By Todd R. Hansen
McNaughton Media
Two alert categories were added to the notification system that is best known for the Amber Alert initiated when a child is believed to have been abducted.
The system allows law enforcement agencies to initiate public alerts in hopes the citizenry can assist in locating the subject of the notification.
There is also a Blue Alert, used when a law enforcement official has been killed or injured, and a Silver Alert, which notifies the public about a missing senior citizen, usually with some kind of mental or physical disability.
Now a “Yellow alert” and a “Feather Alert” are being added come the new year, the California Highway Patrol reported.
“The new ‘Feather Alert’ allows law enforcement agencies to request the CHP to initiate an alert when an indigenous person has been kidnapped, abducted or reported missing under unexplained or suspicious
circumstances, and specific criteria have been met to permit alert activation,” the CHP report states.
“Additionally, consistent with the department’s existing Amber, Blue and Silver Alert programs, this new ‘Feather Alert’ program encourages the use of radio, television and social media to spread the information about the missing indigenous person.”
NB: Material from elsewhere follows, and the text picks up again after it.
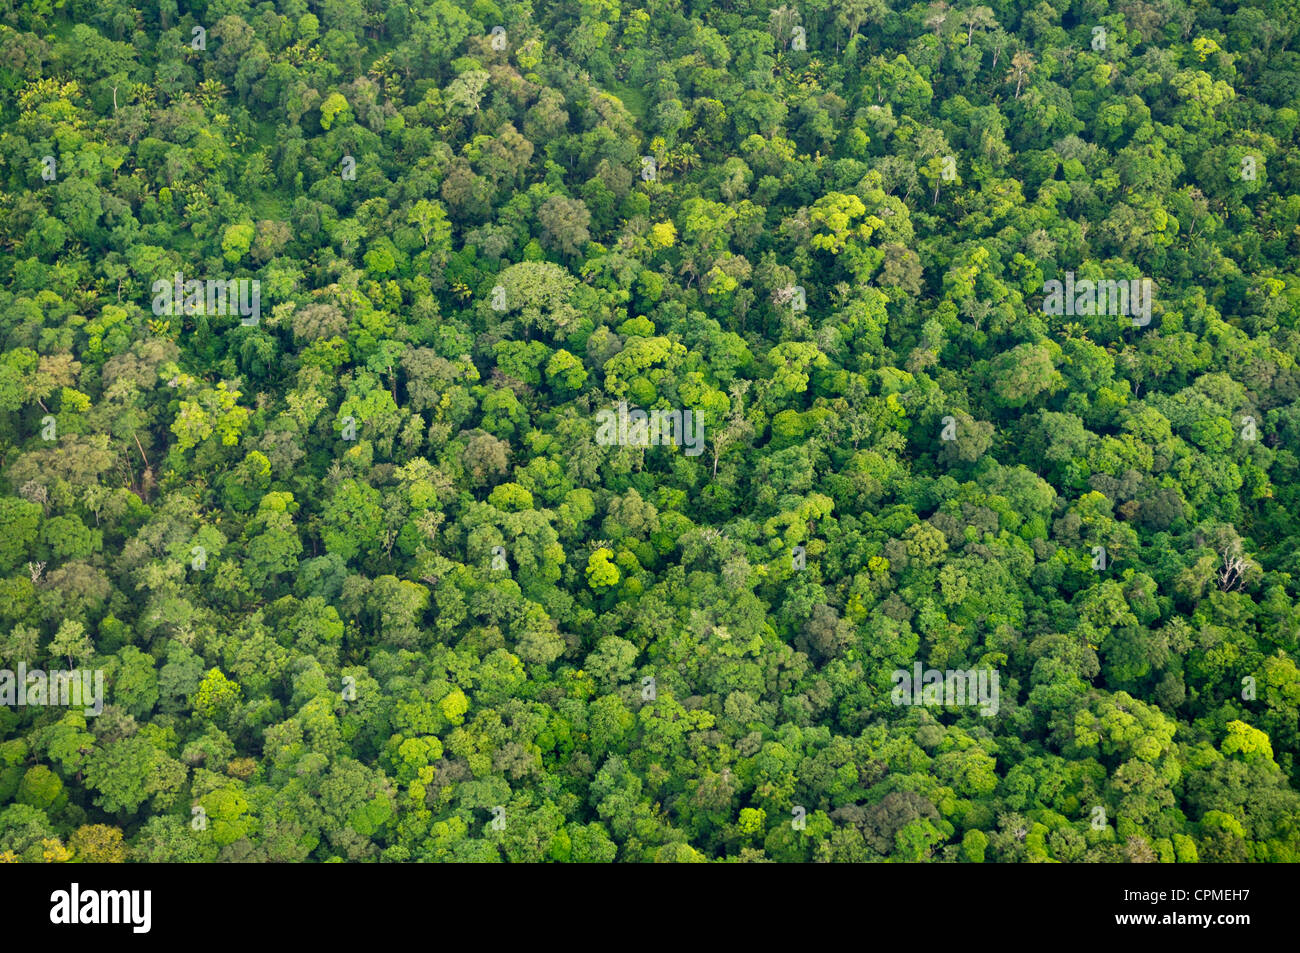 Tropical rainforest canopy from the air, Tortuguero National Park, Costa Rica Stock Photo

The new alert is the result of Assembly Bill 1314, authored by Assemblyman James Ramos, D-Highland, and signed by Gov. Gavin Newsom on Sept. 23. Ramos was born on the San Manuel Indian Reservation in San Bernardino County.
The “Yellow Alert,” authored by Assemblyman Jim Patterson, R-Fresno, and signed by Gov. Gavin Newsom on July 19, can be initiated “when a fatal hit-and-run crash has occurred, and specific criteria have been met to permit alert activation. The law also encourages local media outlets to disseminate the information contained in a Yellow Alert,” the CHP reports.